Şükretme denilince bu defa da şükretme kelimesine bir göz atalım, bu kelimenin anlamı da 1969 yılında TDK Türkçe Sözlük’teki gibi mi anlamlandırılmış: “Şükretmek: Tanrı’ya minnet duygusunu sunmak, şükreylemek.”

“Şükür: Tanrı’ya duyulan minneti dile getirme.”

Freud’u “d”li yazmakta ısrar ediyoruz, aynı özeni neden diğer isimlere göstermiyoruz?

Şimdi bu kelimeler de modaya uymuş gibi. Dokuz-on yılda bu kelimeler elbise değiştirir gibi mana değiştirmiş. TDK’nın bazı profesörleri bizim kelimelerimize yeni yeni kıyafetler ölçüp biçmekte, hatta giydirmekteler sanırım. Meslekleri terzilik olmasa da… İşte Hamt kelimesi ve yıllara göre değişen manaları. Muhammed ismi Hamd kelimesinden gelmektedir. “Hamt” diye bir kelime yoktur, uydurulan veya “d”si alınan “Hamt” haricinde…

“Muhammed: Pek çok kere, tekrar tekrar övülmüş, medhedilmiş “ anlamındadır. TDK bu isme bir de “Hz. Muhammed’in adlarından biri” diye karşılık vermiş. Şimdi soruyorum, Hz. Muhammed’in adlarından biri de Muhammet mi diye. Sitede hem “Muhammed’in” derken “Muhammed” yazmakta hem de “adlarından biri” denmekte. Ben nadanım bu konuda sayın hocalarım Peygamberimiz (s.a.v.)’in Muhammed ve Muhammet diye iki ayrı ismi mi var?

Ahmed ve Mehmed, Mahmud isimleri de aynı kumaştan biçilmiş elbiselerden giydiklerinden Mehmet,  Ahmet ve Mahmut olmuşlar. “D”ler kumaş yetersizliğinden “T”ye kesilivermiş.

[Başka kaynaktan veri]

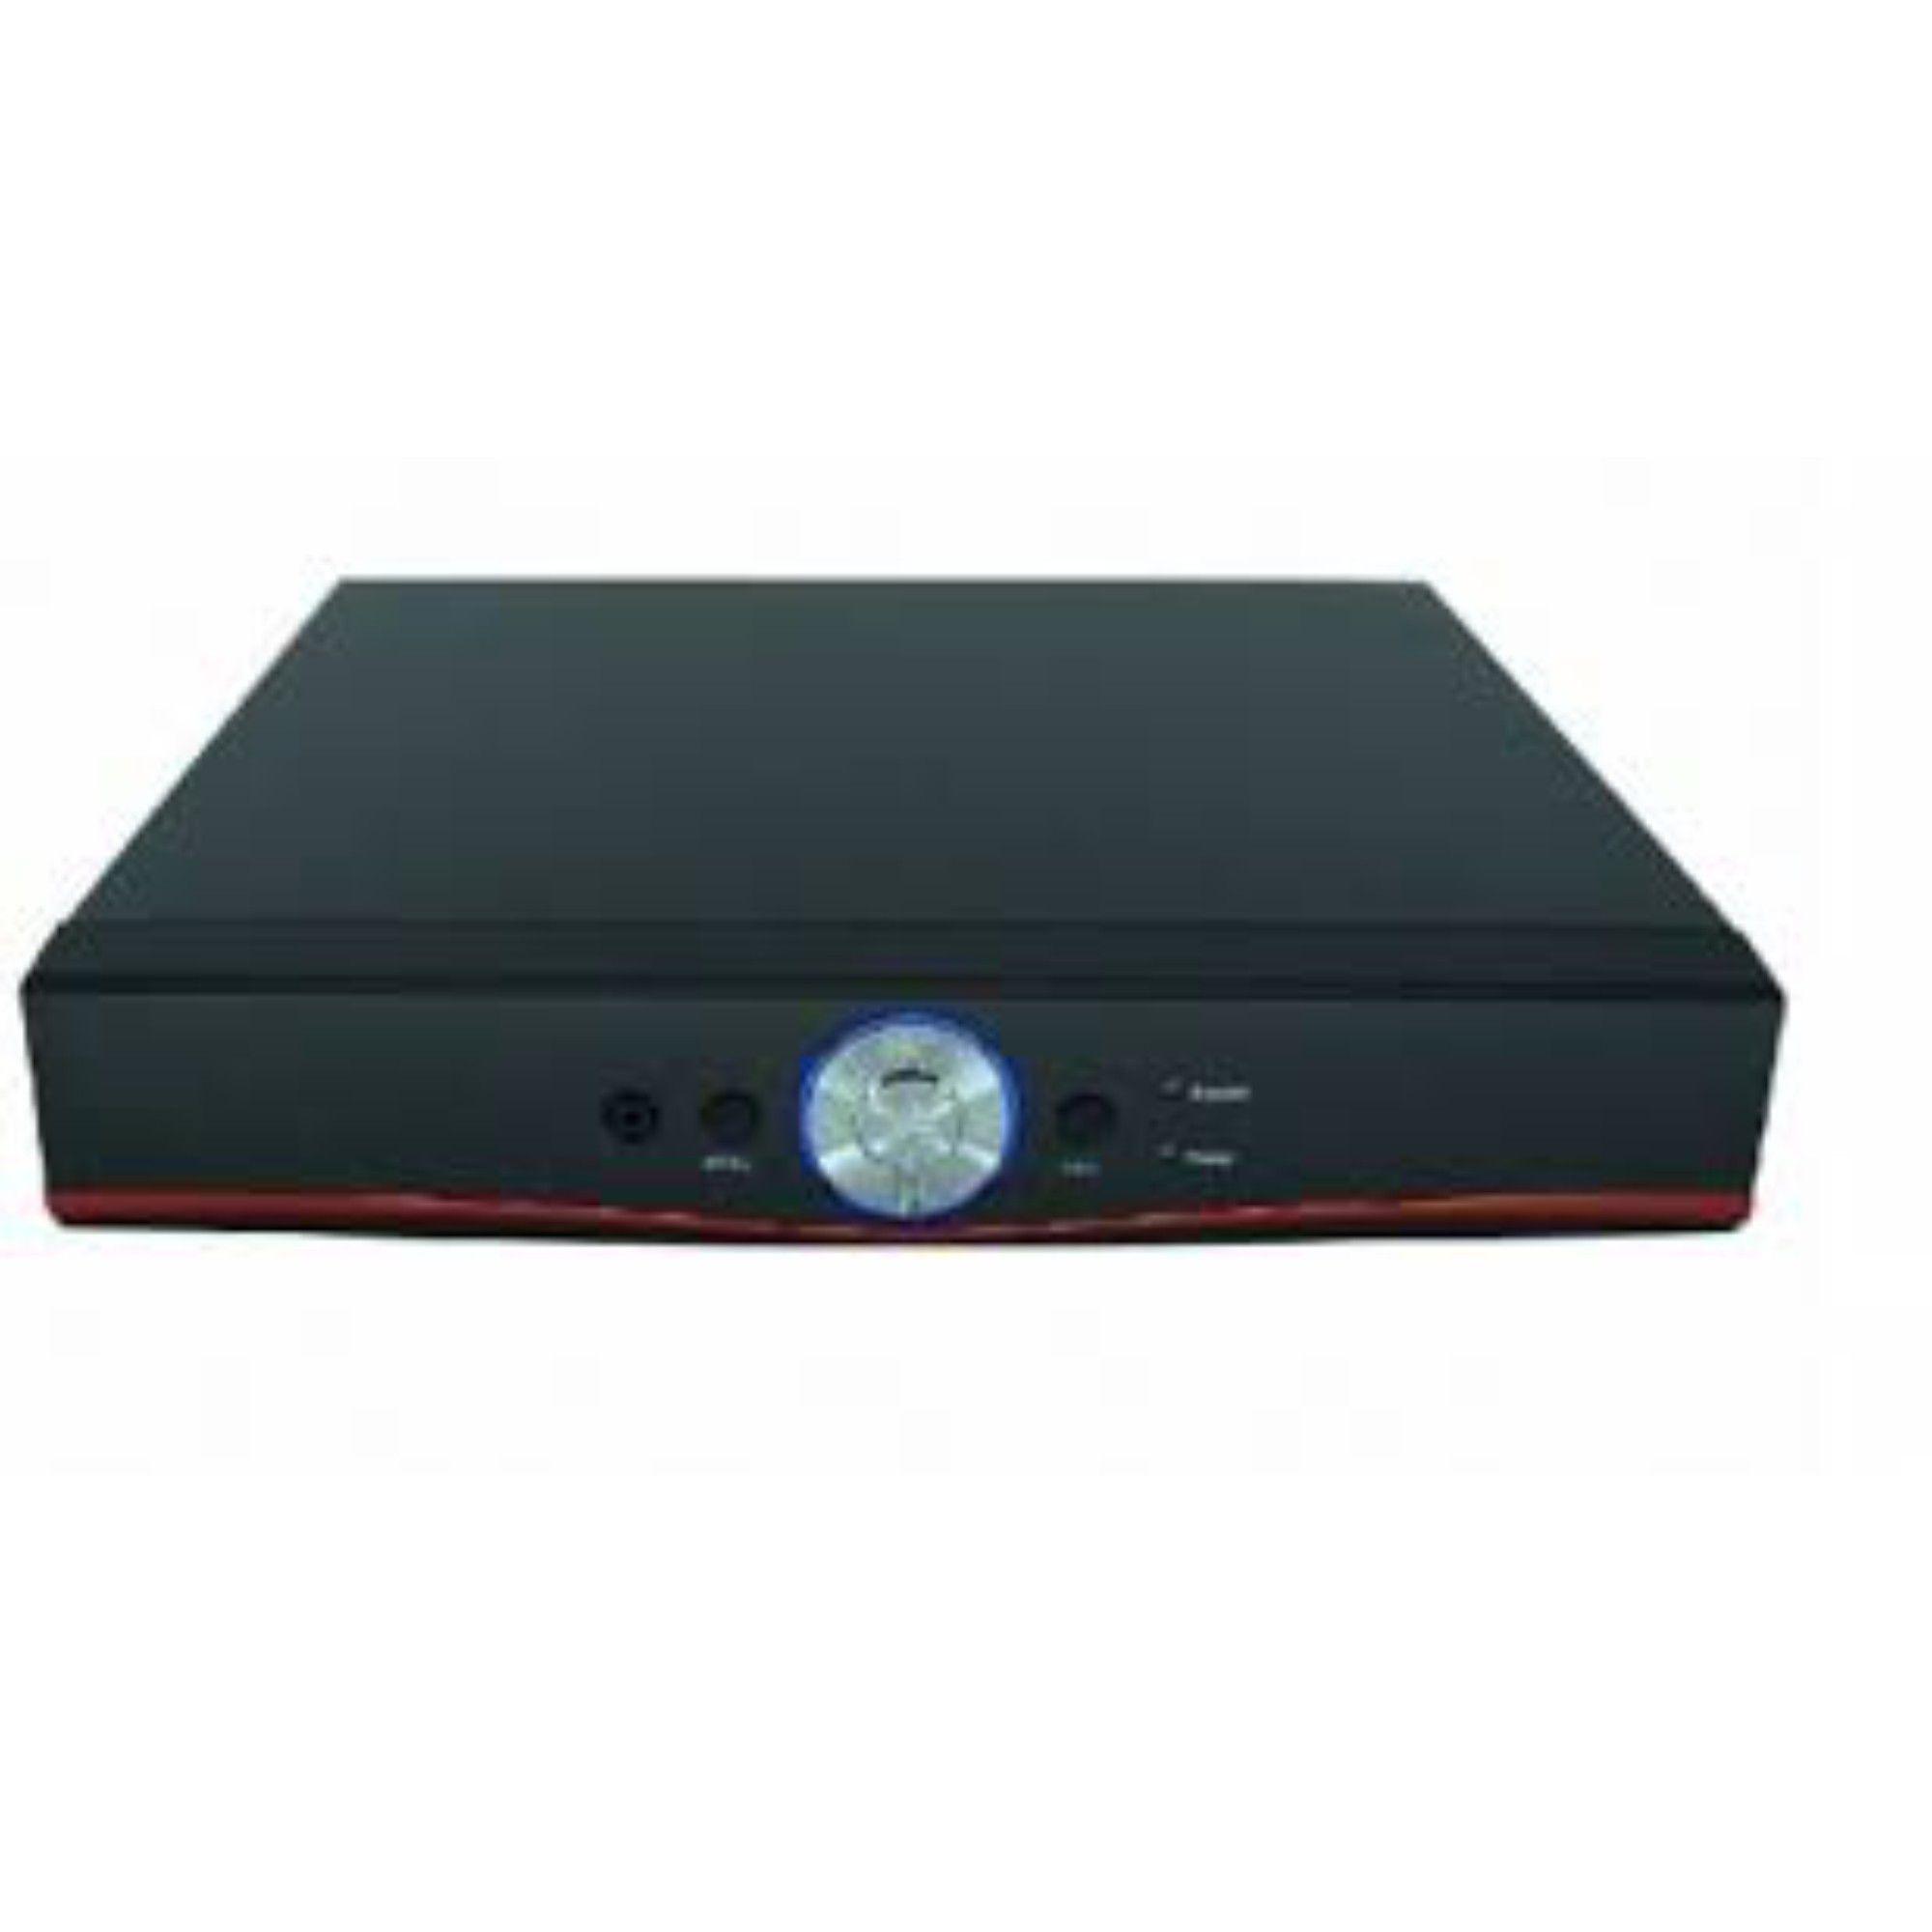 Kit CFTV Jortan Completo 16 Câmeras AHD 720p DVR 16 Canais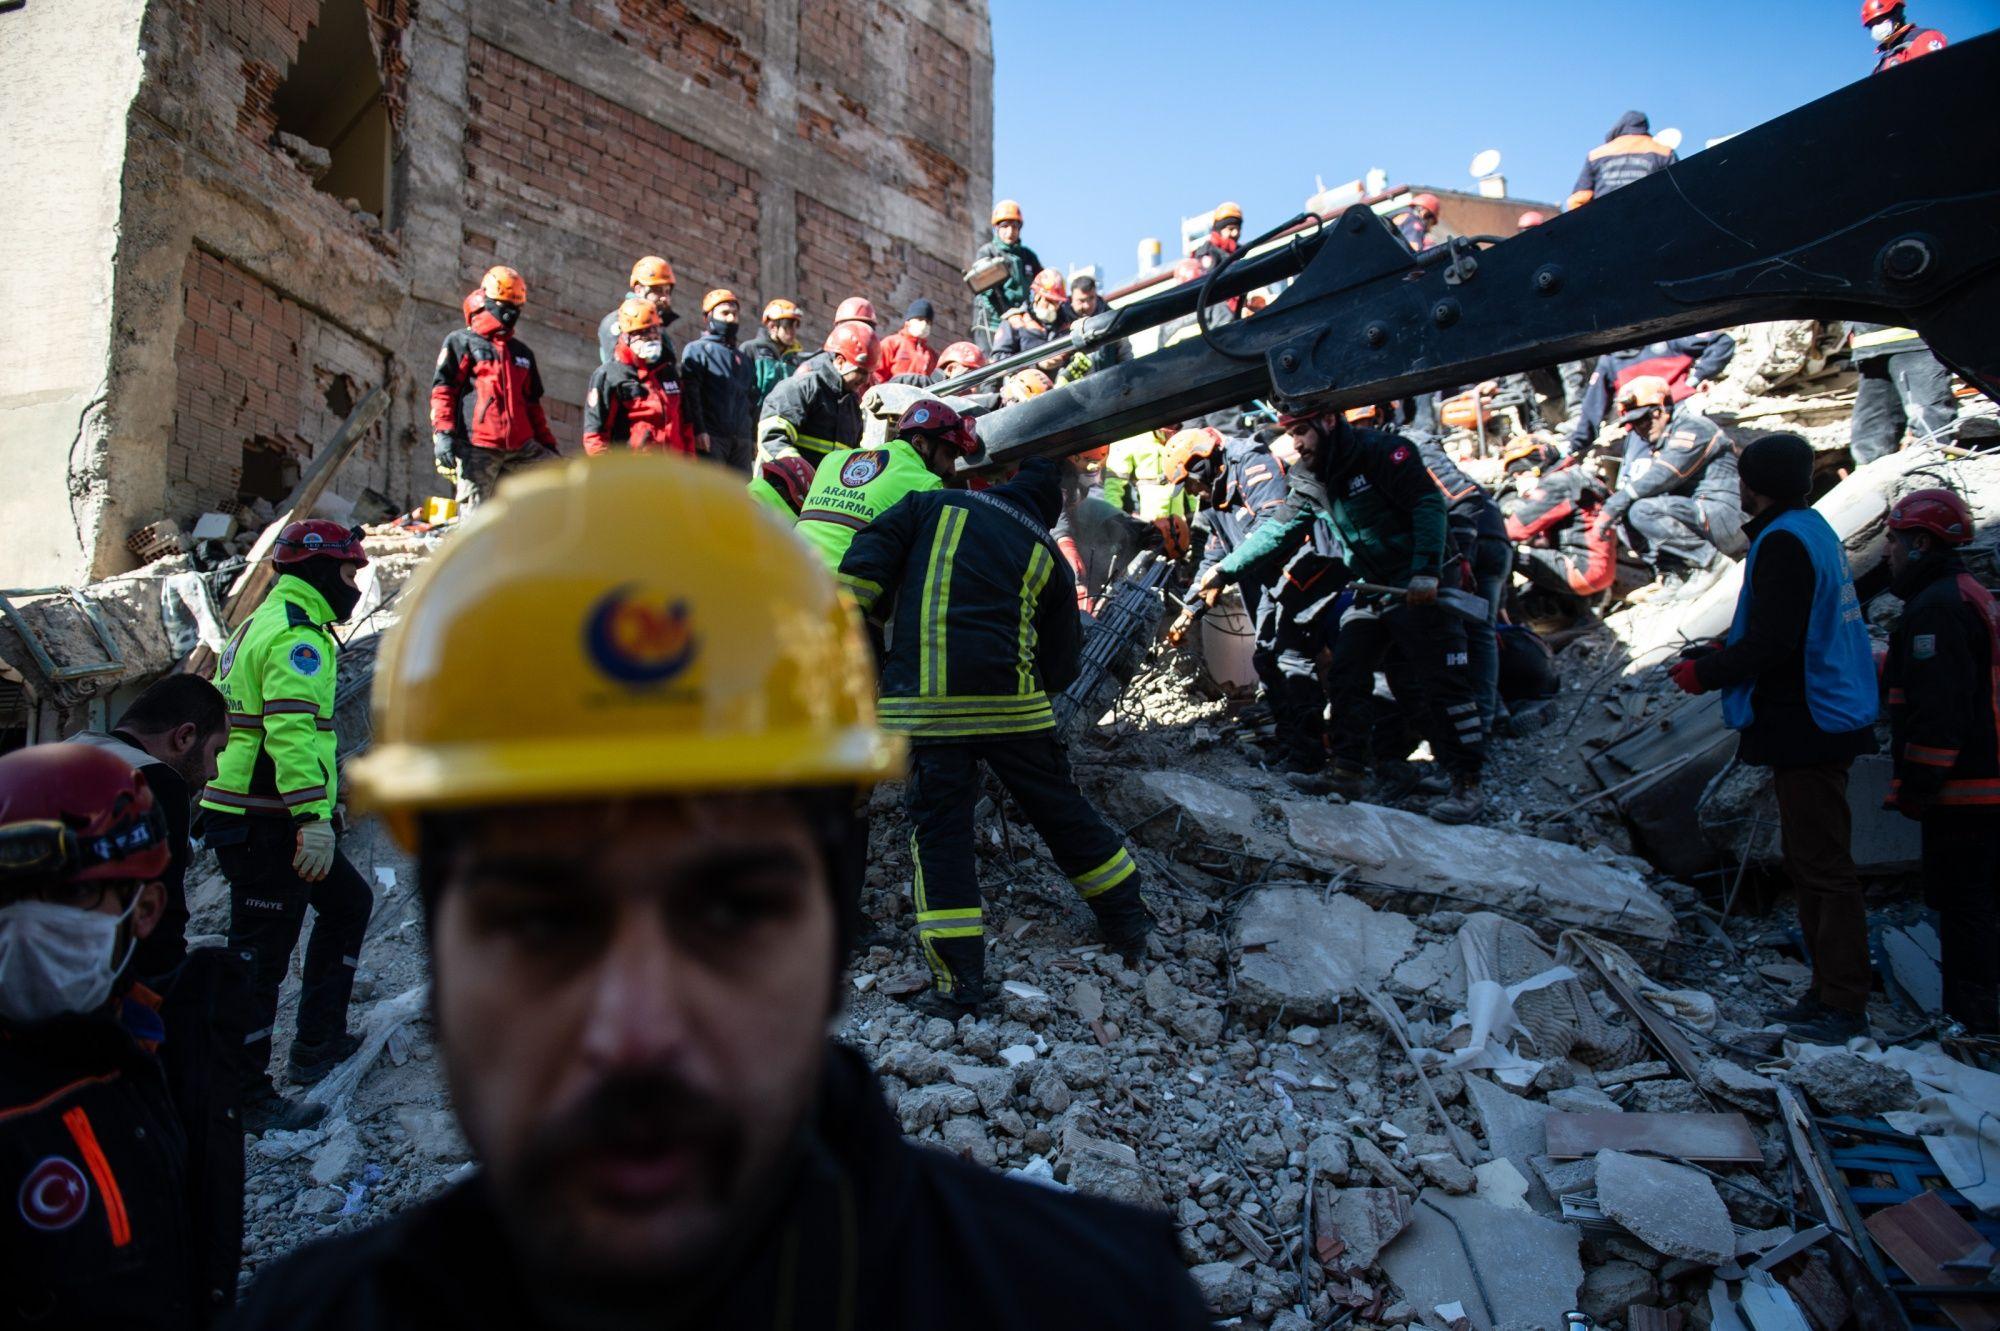 Death Toll Rises in Turkey Quake as Erdogan Slams Social Media

İsmet Özel‘in kulakları çınlasın, nasıl da diyordu hani:

geçti boynuma kemend
d harfine bak dedim
nasıl da soylu duruyor sonunda kelimenin
harfe bak, harfe dokun, harfin içinde eri
harf ol harfle birlikte kıyam et
.”  (İsmet Özel, Of Not Being a Jew)

“D” harfi ile başımız dertte. “D” harfi ile başınız dertte…  Ama bu “D” dinî isimlerdeyse. Bu “D” Arapça ve Farsça isimlerdeyse sorun olmakta yoksa diğer dillerdeki isimlerde problemsiz, anlaşıp gidiyorlar. Mesela “Freud” ismi. İsim Freud’un olunca “D” rahatlıkla yazılıyor “T”ye değişmeden… Ama o Freud!?